THE PROBLEM - Within the material below, transcribe exactly the lines from the one holding "Mit zwei E-Mobilen" through the one holding "BORN Size 6", keeping both ends and skipping the rest.

INFORMATION GIVEN -
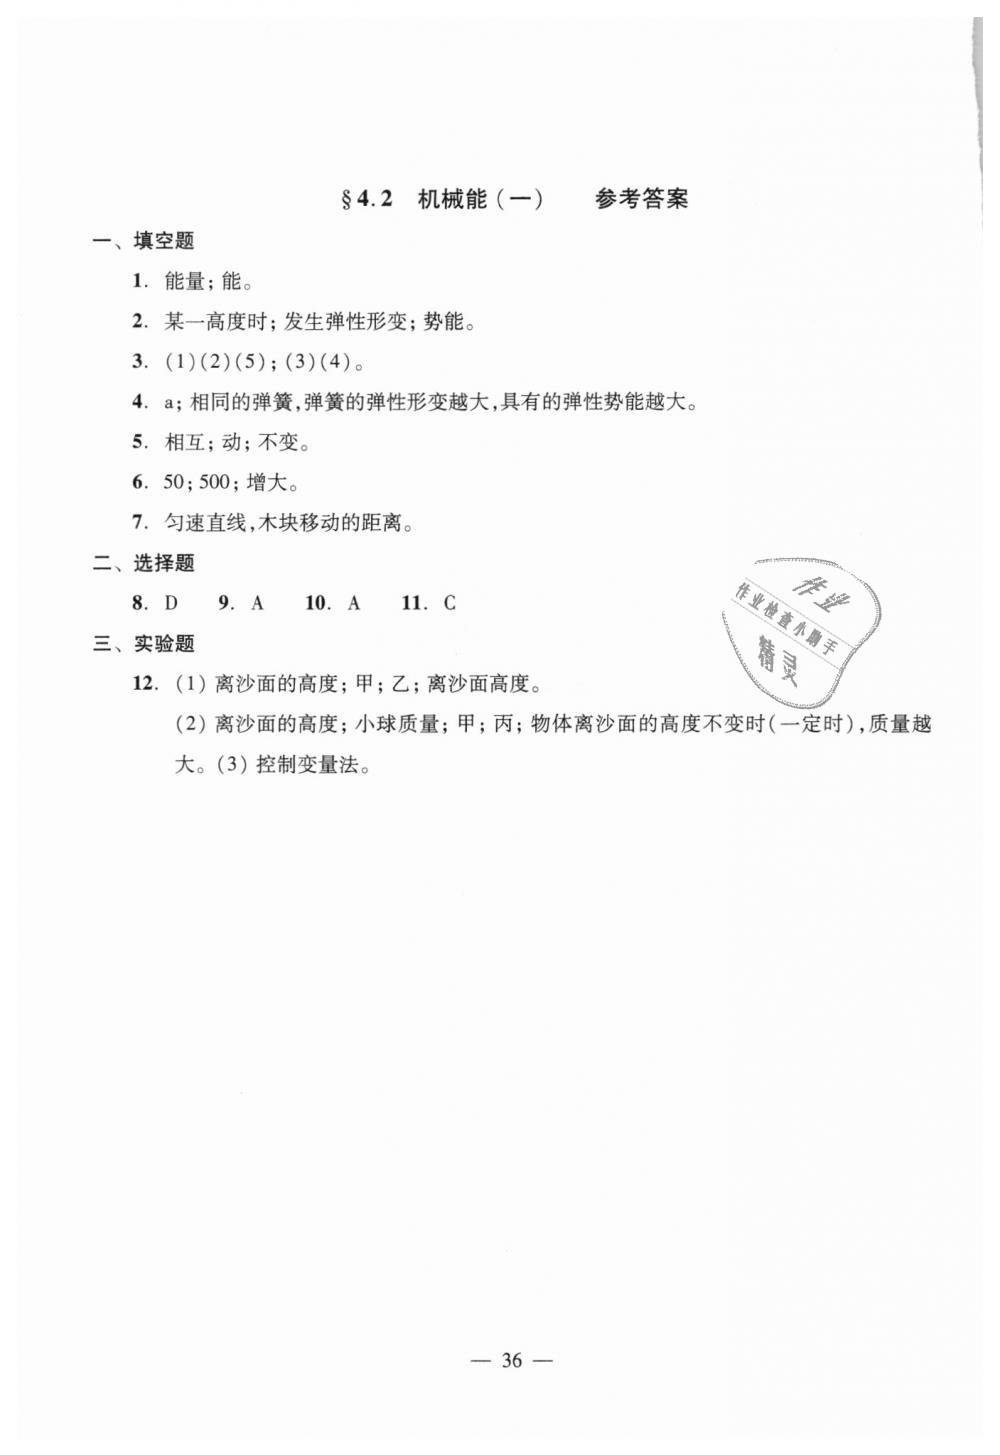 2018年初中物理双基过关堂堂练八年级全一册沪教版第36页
---
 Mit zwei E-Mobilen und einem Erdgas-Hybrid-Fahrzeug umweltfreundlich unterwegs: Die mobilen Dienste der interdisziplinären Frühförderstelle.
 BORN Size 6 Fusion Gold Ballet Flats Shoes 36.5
* * *
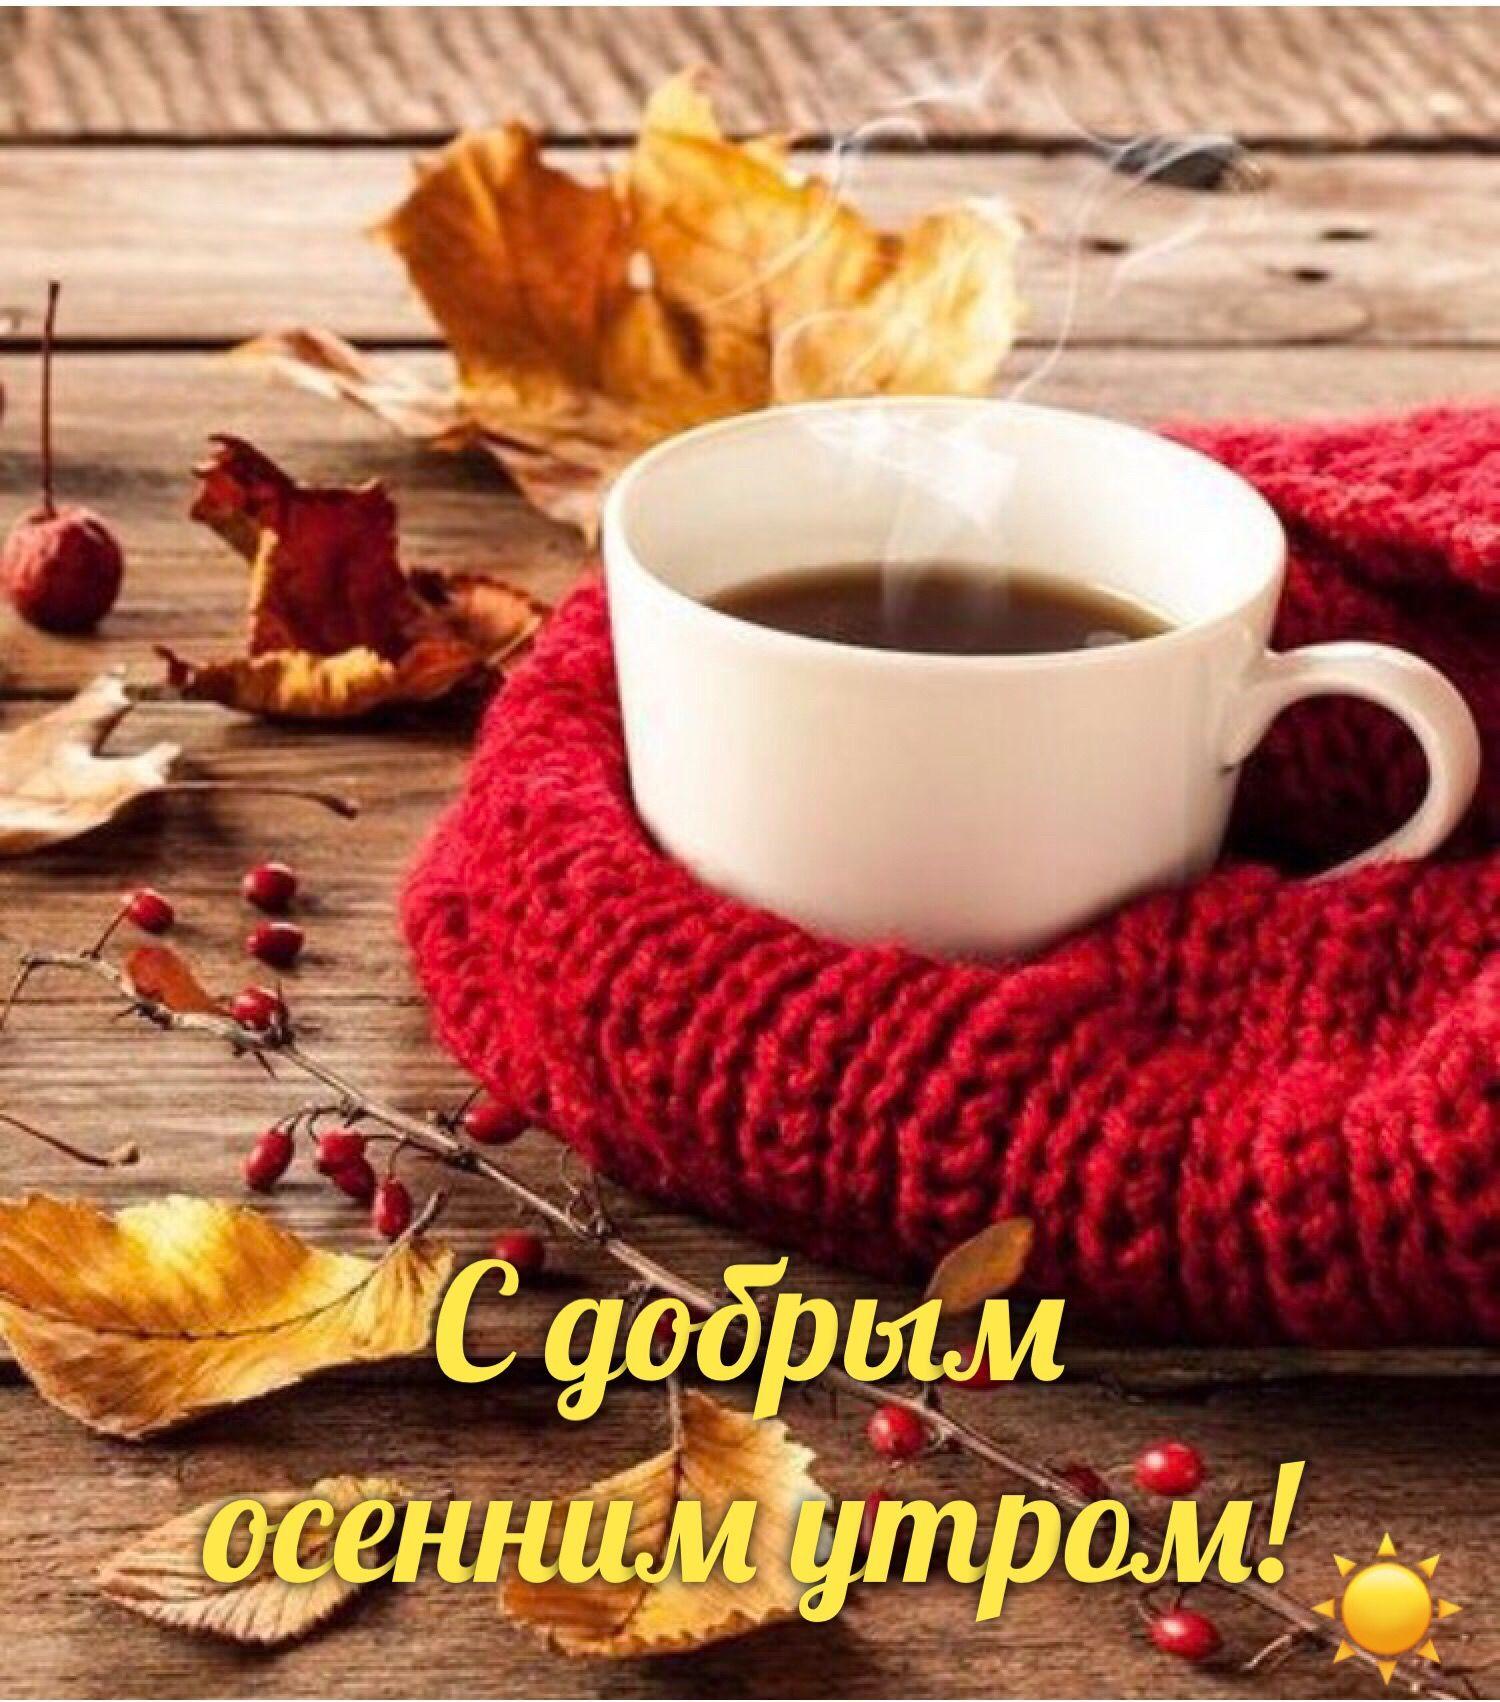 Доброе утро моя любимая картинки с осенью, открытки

SOLVED EXERCISE -
 Mit zwei E-Mobilen und einem Erdgas-Hybrid-Fahrzeug umweltfreundlich unterwegs: Die mobilen Dienste der interdisziplinären Frühförderstelle.
 BORN Size 6 Fusion Gold Ballet Flats Shoes 36.5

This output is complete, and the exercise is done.